Geleneksel bir içecek olan kımız, Orta Asya bozkırlarında yaşayan Başkurt, Kırgız, Yakut gibi Türk ve Moğol kökenli halklar tarafından yaygın olarak tüketilen fermente bir içecek olarak karşımıza çıkar. Oldukça eski bir tarihi bulunan kımızın yapılışı hem malzeme seçiminde hem de hazırlık sürecinde dikkat ve özen gerektiren bir işlemdir. Kımız geleneksel yöntemlerle özel kaplarda ve doğal fermantasyon sürecinden sonra elde edilir.
Kımız, Orta Asya'nın en çok bilinen ve aynı zamanda en çok tüketilen içeceğidir. Kısrak sütünden oluşan kımız, kısrak sütünün mayalanmasıyla elde edilir. Kısrak sütü şeker bakımından zengin olduğu için kımız, kısrak sütünden yapılır. Çok eski bir tarihi bulunan kımızın, Orta Asya ve Moğolistan taraflarında yaşayan kavimler tarafından çok tüketilmiştir.
Kımızın içeriği kısrak sütünün fermante edilmiş hâlinden oluşur. Kımız Orta Asya halkları için hem besleyici hem de şifalı bir içecek olarak kabul edilir. Besleyici özellikleri de bulunan kımız, kısrak sütünün doğal bakteriler ile fermante edilmesi sonucunda elde edilen içeceğe verilen addır. Fermante edilen her içecekte olduğu gibi kımızın da fazla süreli fermante edilmesi bazı zararlara yol açar. Bunlar, kımızın zararları arasındadır.
Kımızın insan sağlığına çeşitli faydaları bulunur. Kımız faydaları şu şekilde sıralanabilir:
Kımız yapımı, gerek hazırlık sürecinde gerekse malzeme seçiminde dikkat ve özen gerektiren bir işlemdir. Kımız, geleneksel yöntemlerle özel kaplarda ve fermantasyon süreciyle elde edilir. Kımız yapımında ilk adım kısrak sütünün sağılmasıdır. Kısrak sütü inek sütünden daha hafif ve şeker oranı yüksek olduğu için kımız yapımında kısrak sütü kullanılır. Kısrak sütü sağıldıktan sonra özel bir kaba alınır ve fermantasyona bırakılır. Kımız ahşap ya da deri kaplarda fermante edilerek ara ara karıştırılır. Böylece kımız eşit bir şekilde mayalanır ve homojen bir yapıya sahip olur.
Fermantasyon süreci genel olarak 1 ile 3 gün arasıdır. Kımız fermente olduktan sonra serin bir yerde muhafaza edilir. Kısa bir süre içinde tüketilmesi önerilir.
Kımızın yapıldıktan sonra kısa sürede tüketilmesi önerilir çünkü taze olarak tüketildiği zaman besin değerleri en üst seviyededir.
Kımızın binlerce yıllık bir geçmişi vardır ve Orta Asya'da yaşayan halkların günlük yaşamlarının bir parçasıdır. Özellikle göçebe yaşam tarzının hakim olduğu bölgelerde kımız yalnızca bir içecek değil, aynı zamanda kültürel bir sembol olarak da kullanılıyordu. At yetiştiriciliğinin ünlü olduğu Orta Asya'da kımız atlara olan bağımlılığın da sembolüdür.
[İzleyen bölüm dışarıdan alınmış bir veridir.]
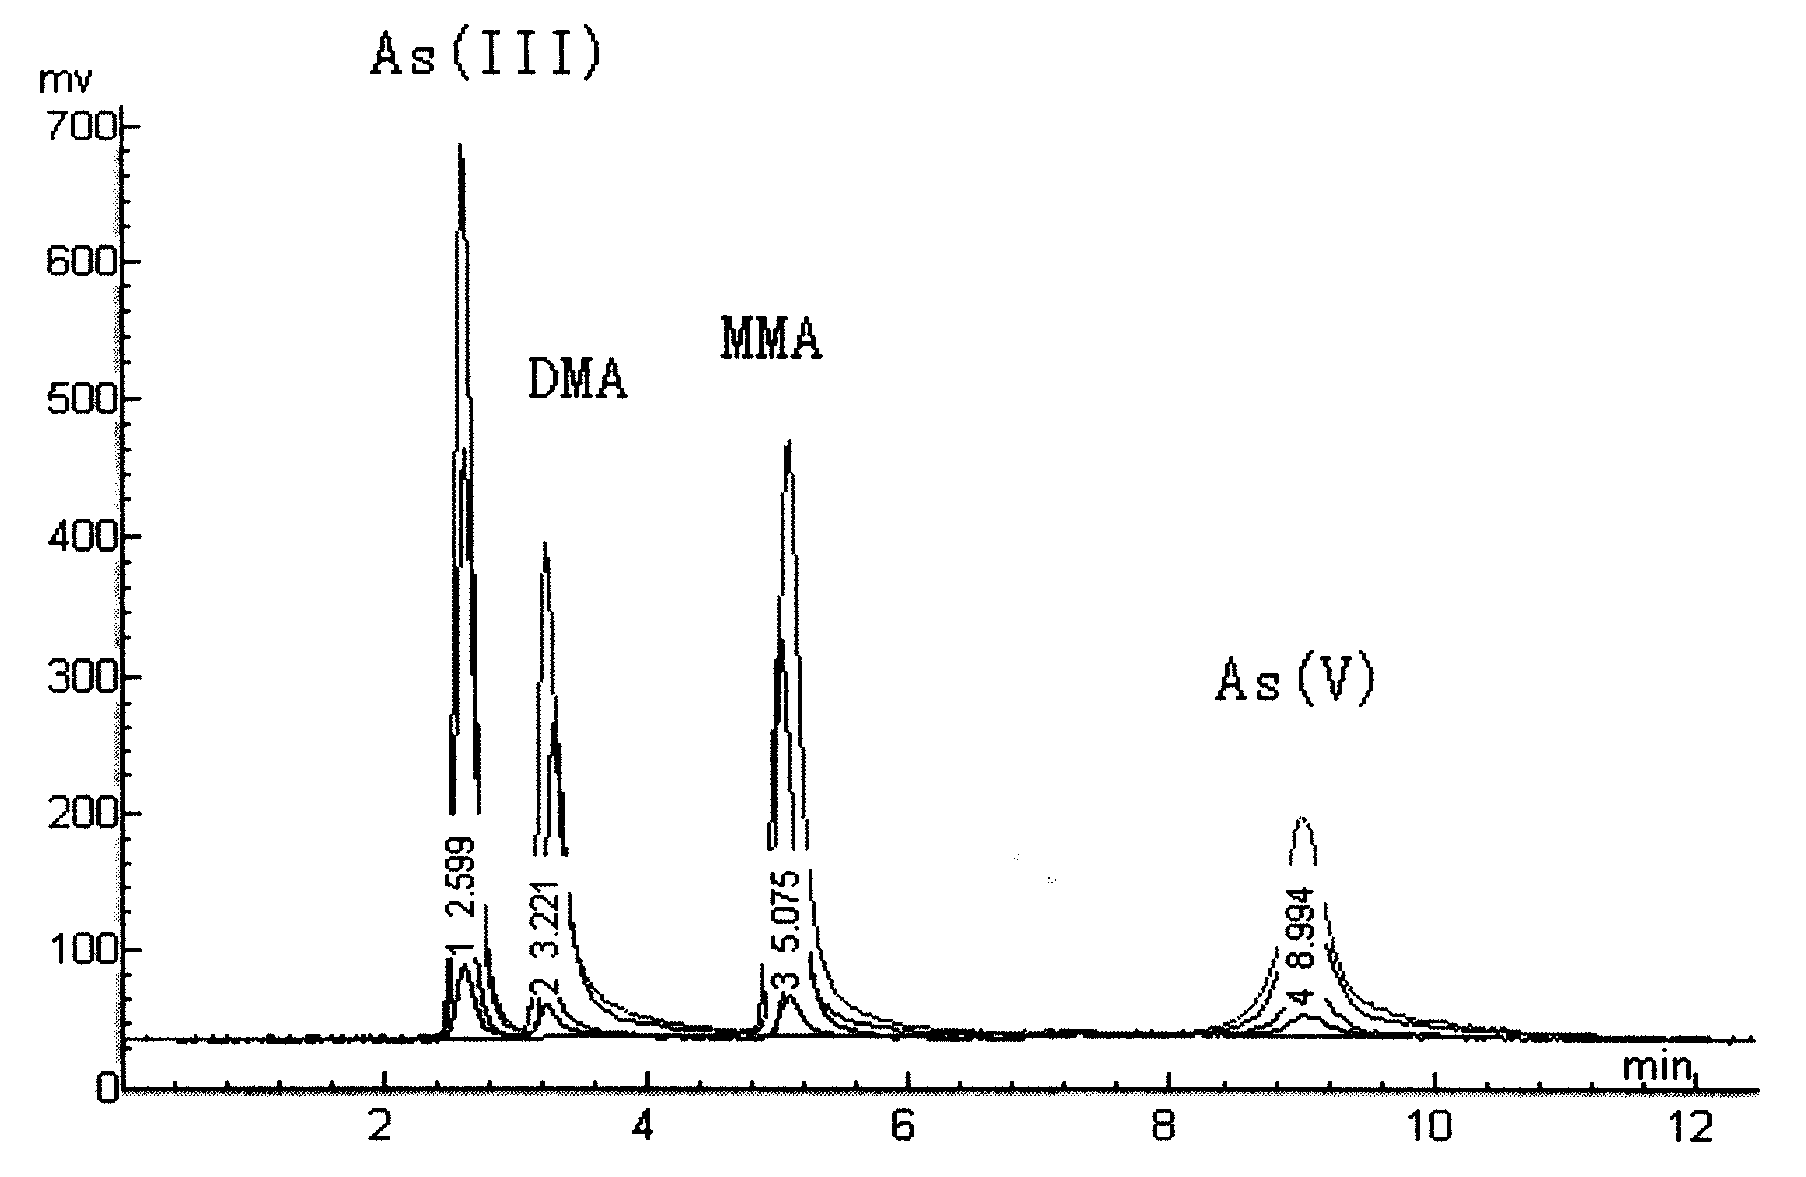 Aquatic product inorganic arsenic determination method

Atlar yalnızca binek hayvanı olarak değil süt kaynağı olarak da kullanılıyordu. Bu sebeple kımız hangi hayvanın sütünden yapılır sorusunun cevabı da kısrak olarak yanıtlanmaktadır.
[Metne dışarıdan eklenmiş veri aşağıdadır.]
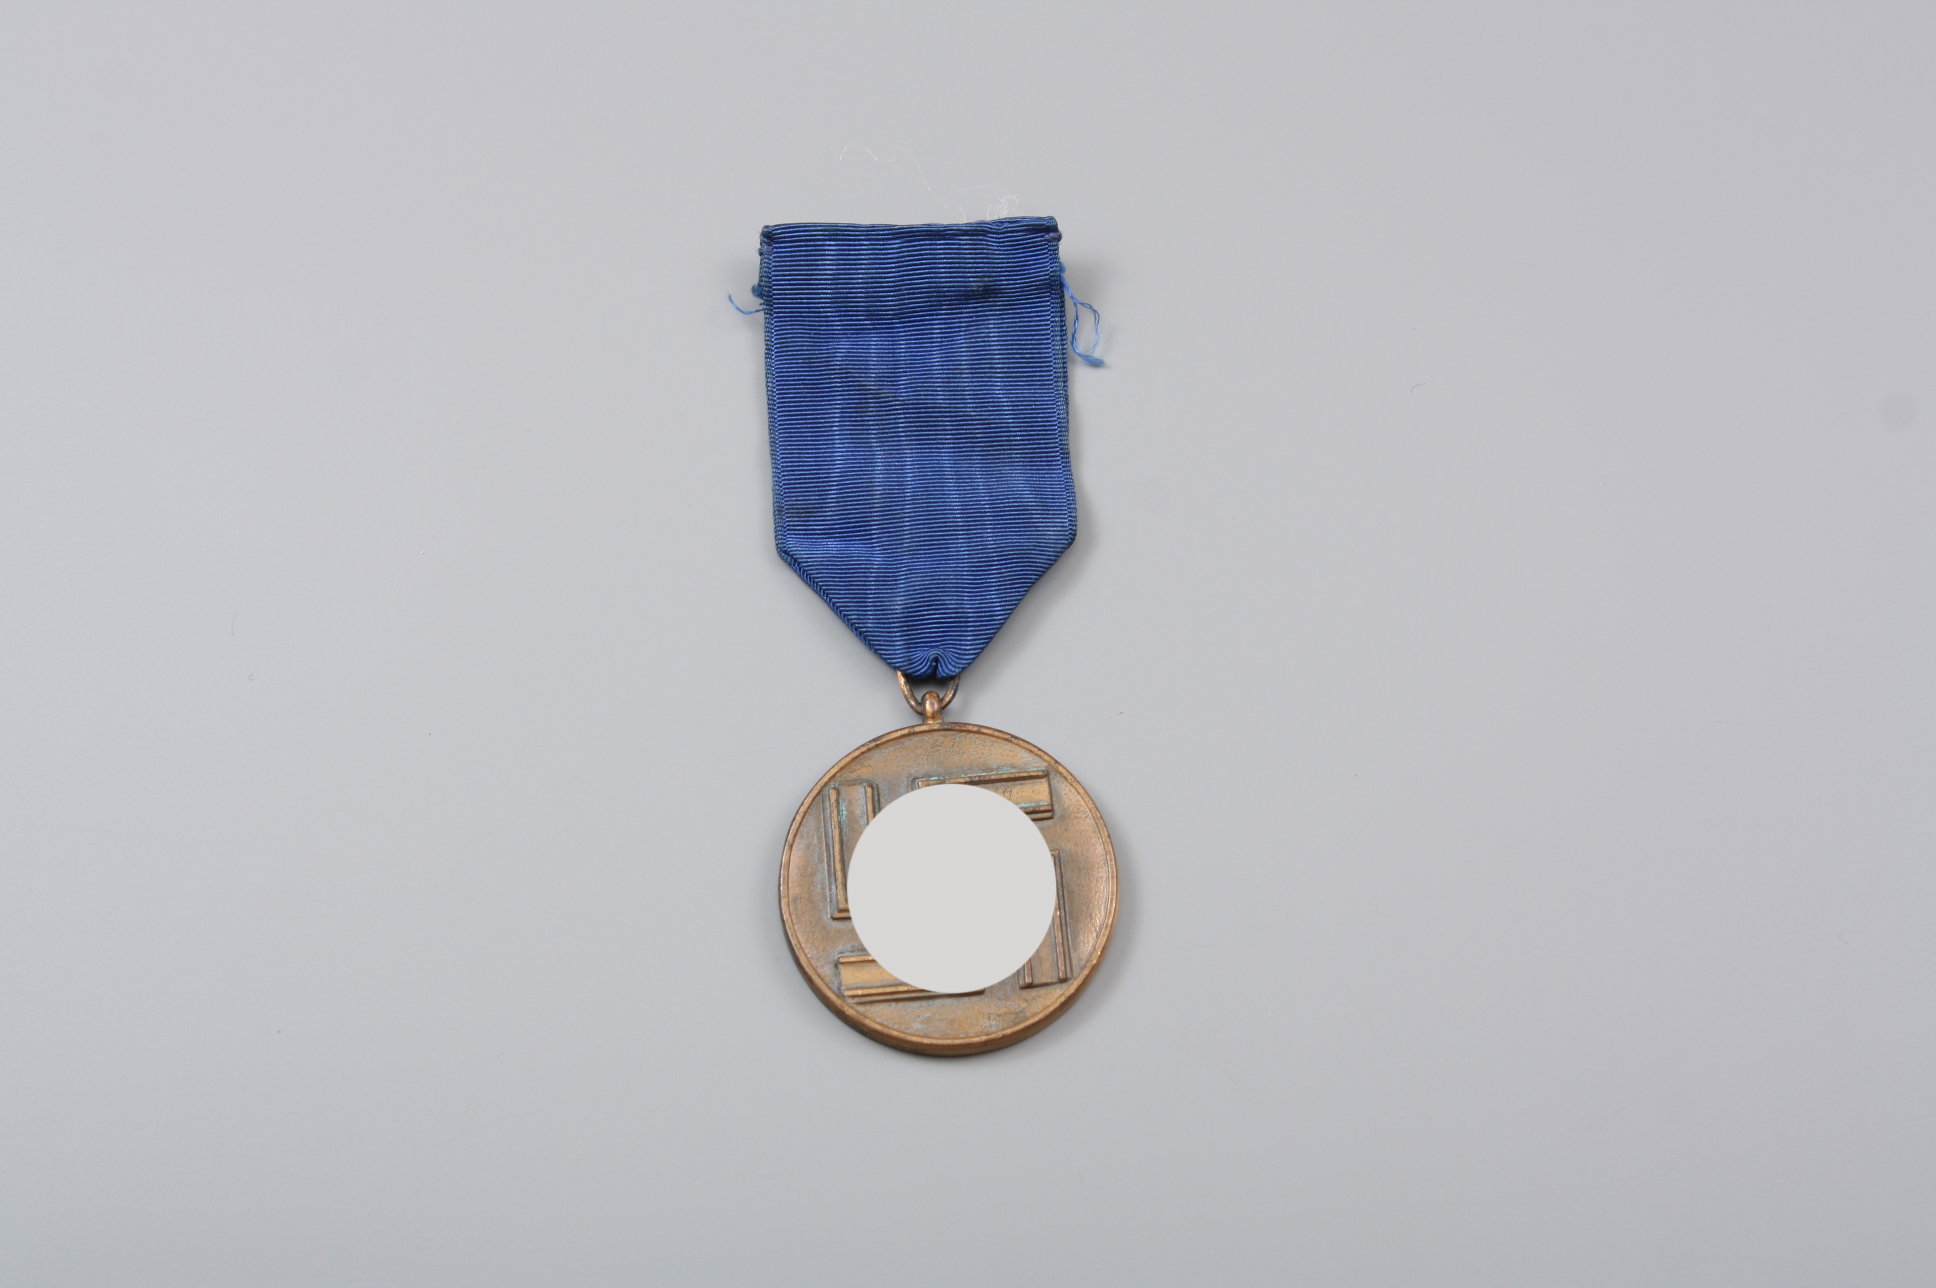  Медаль 8 лет выслуги в "СС", Германия.

Ayrıca kımız, Türk ve Moğol topluluklarında dini ve ritüel amaçlarla da kullanılıyordu. Şamanlar kımızı dini törenlerde ve ayinlerde bir amaç olarak kullanıyor ve ataların ruhlarıyla bağlantı kurmak için kımız içiyorlardı. Bu sebeple kımızın tarihinde mistik ve kutsal bir anlam taşıması da bulunur.
Ruslar da kımızla tanıştıktan sonra sağlık üzerindeki olumlu etkilerini görmüş ve kımız tedavisi adı altında tüberküloz ve solunum yolu hastalıkları için tavsiye etmişlerdir. Hatta bu dönemden sonra Rusya'da kımız sanatoryumları bile kurulmuştur. Günümüzde ise kımız hala Orta Asya'da geleneksel olarak üretilir ve tüketilir.